» **Directions for this task**
Do not include the pictures; repeat the rest of the data exactly.

» **Information provided**
*****

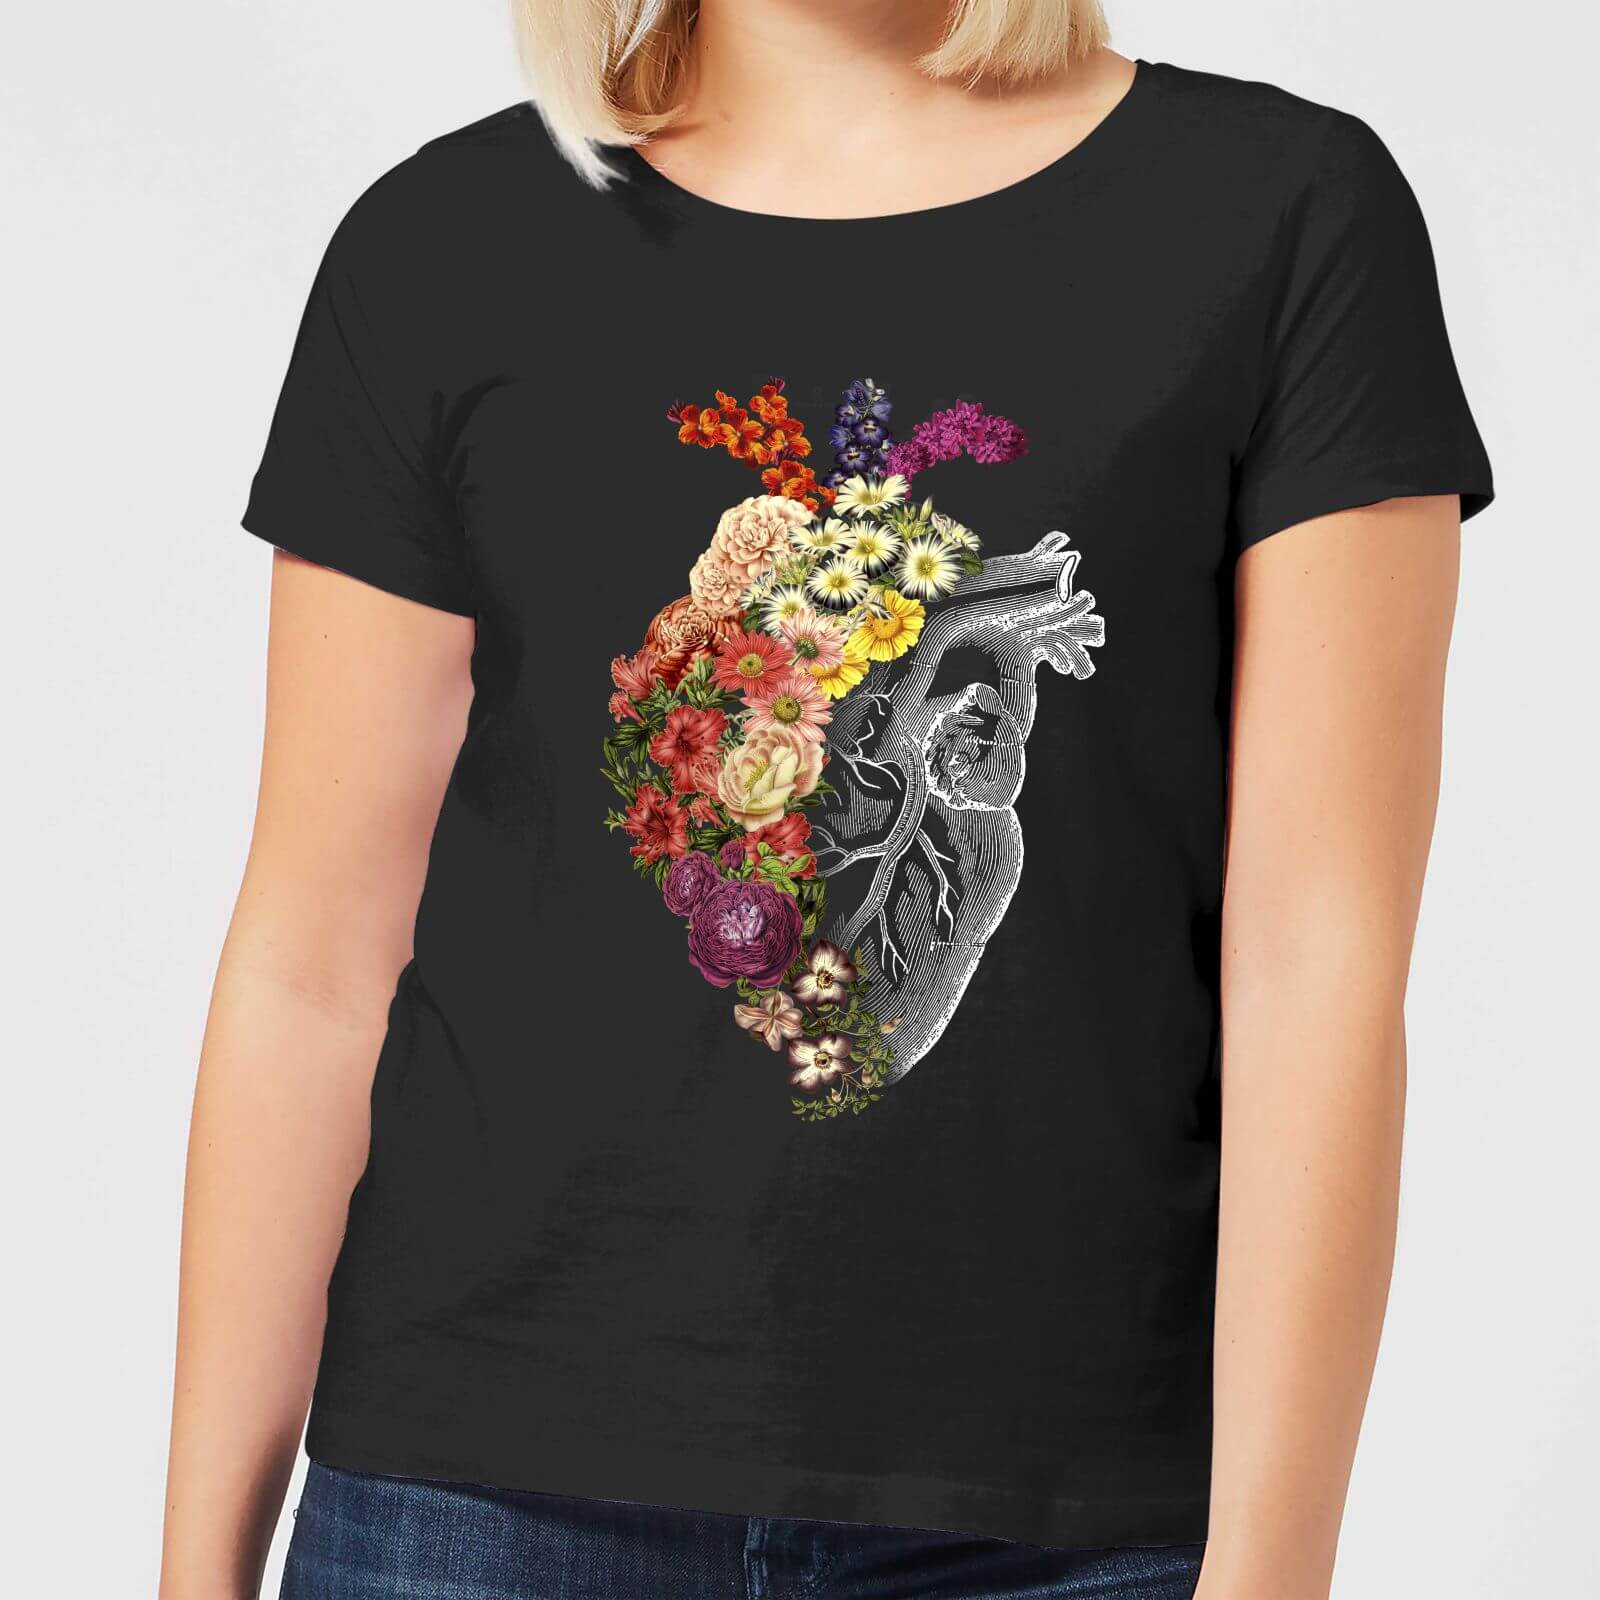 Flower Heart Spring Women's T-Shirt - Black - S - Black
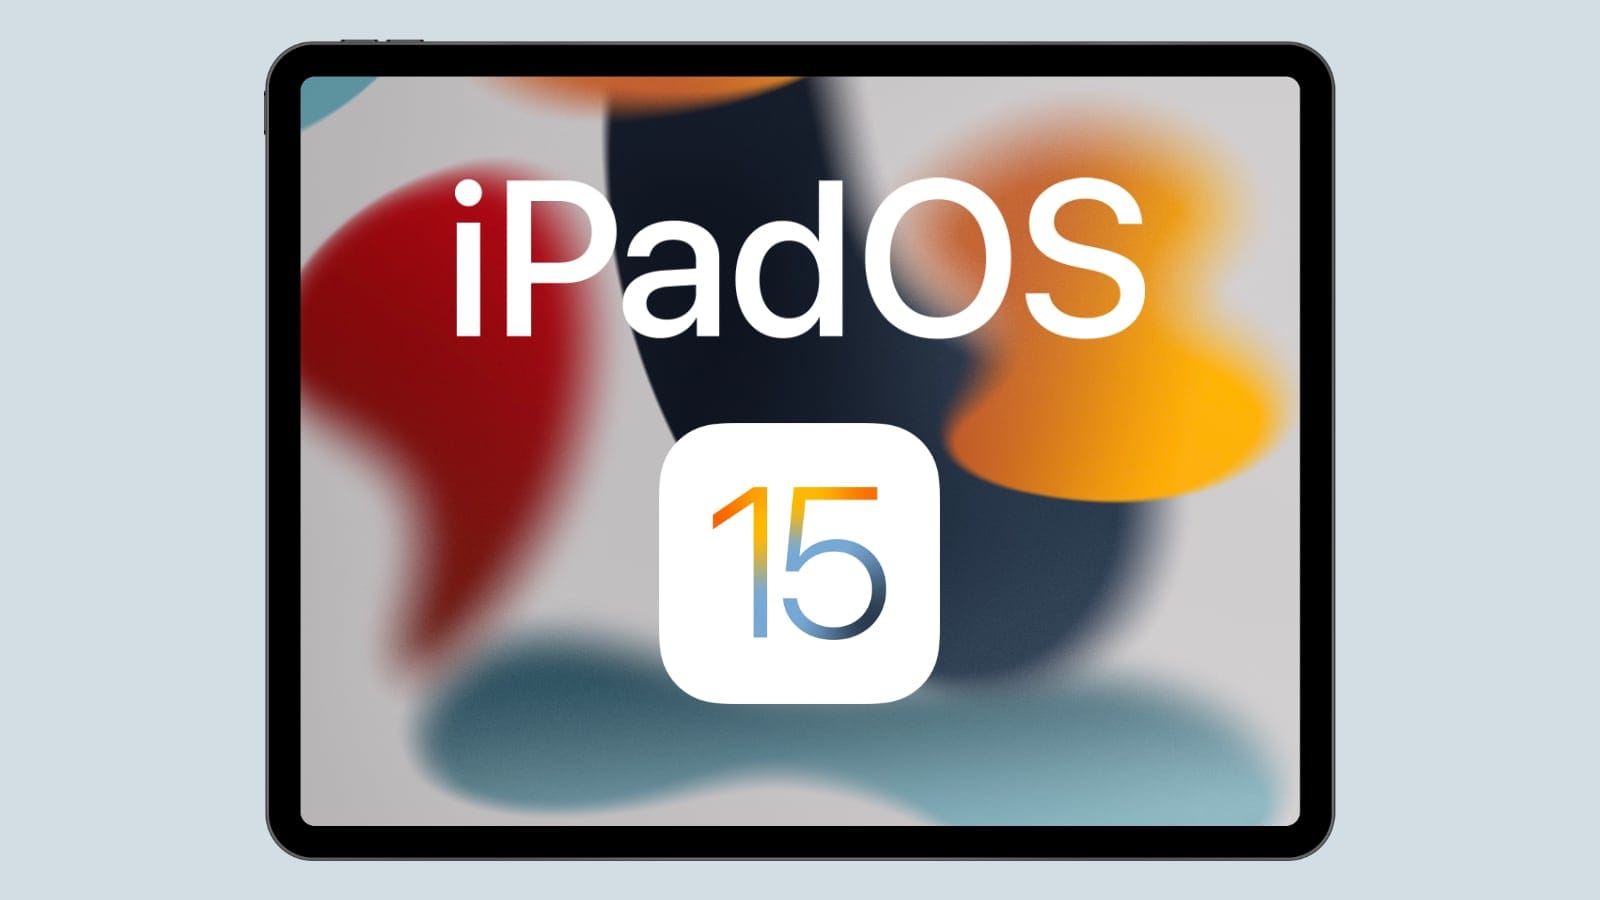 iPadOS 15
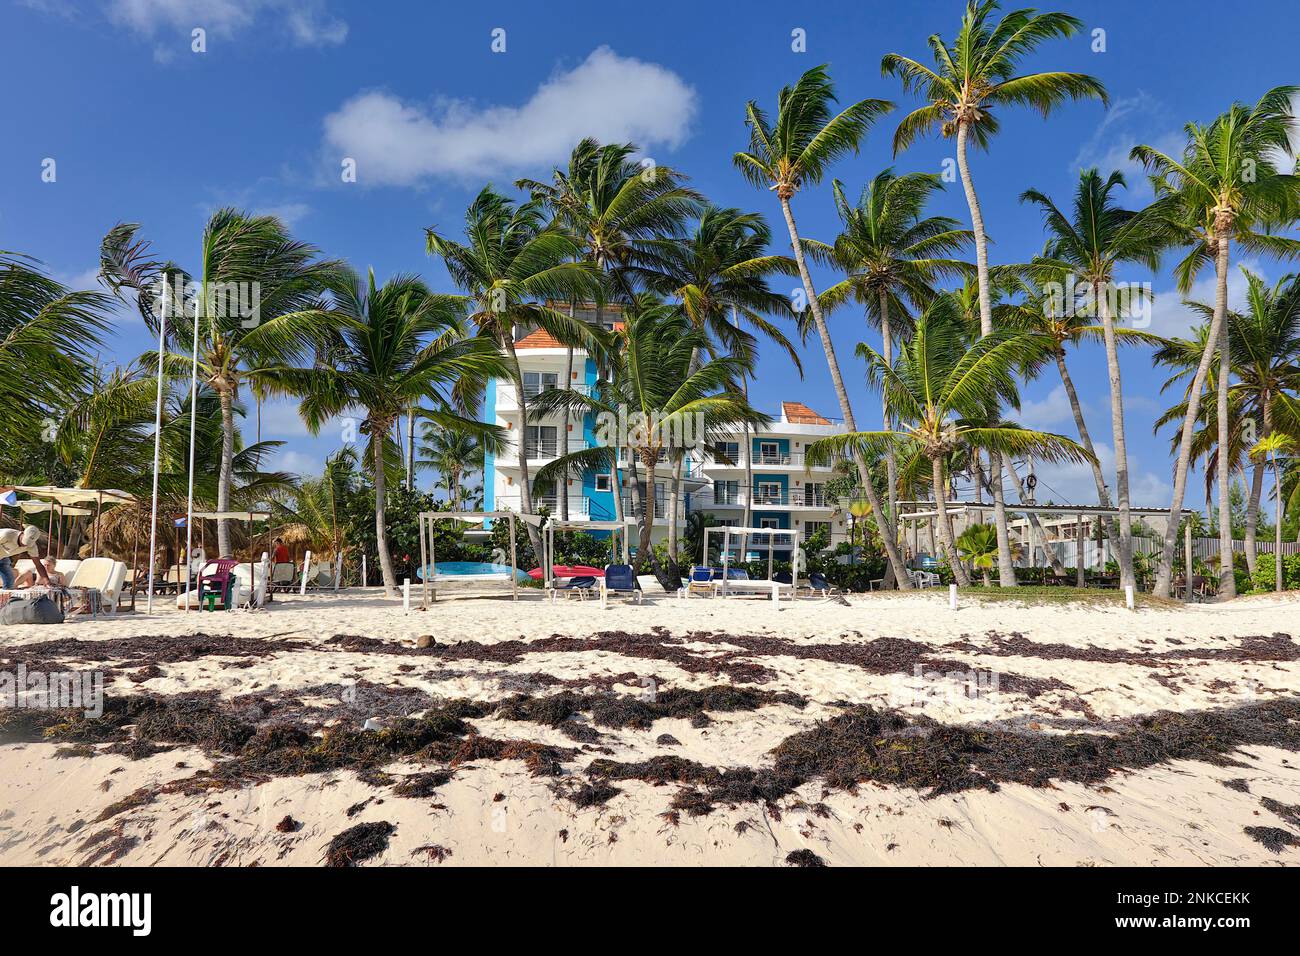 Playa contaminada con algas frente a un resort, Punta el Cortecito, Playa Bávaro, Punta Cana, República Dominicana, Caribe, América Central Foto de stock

*****

» **Result of this exercise**
 Flower Heart Spring Women's T-Shirt - Black - S - Black
 iPadOS 15
 Playa contaminada con algas frente a un resort, Punta el Cortecito, Playa Bávaro, Punta Cana, República Dominicana, Caribe, América Central Foto de stock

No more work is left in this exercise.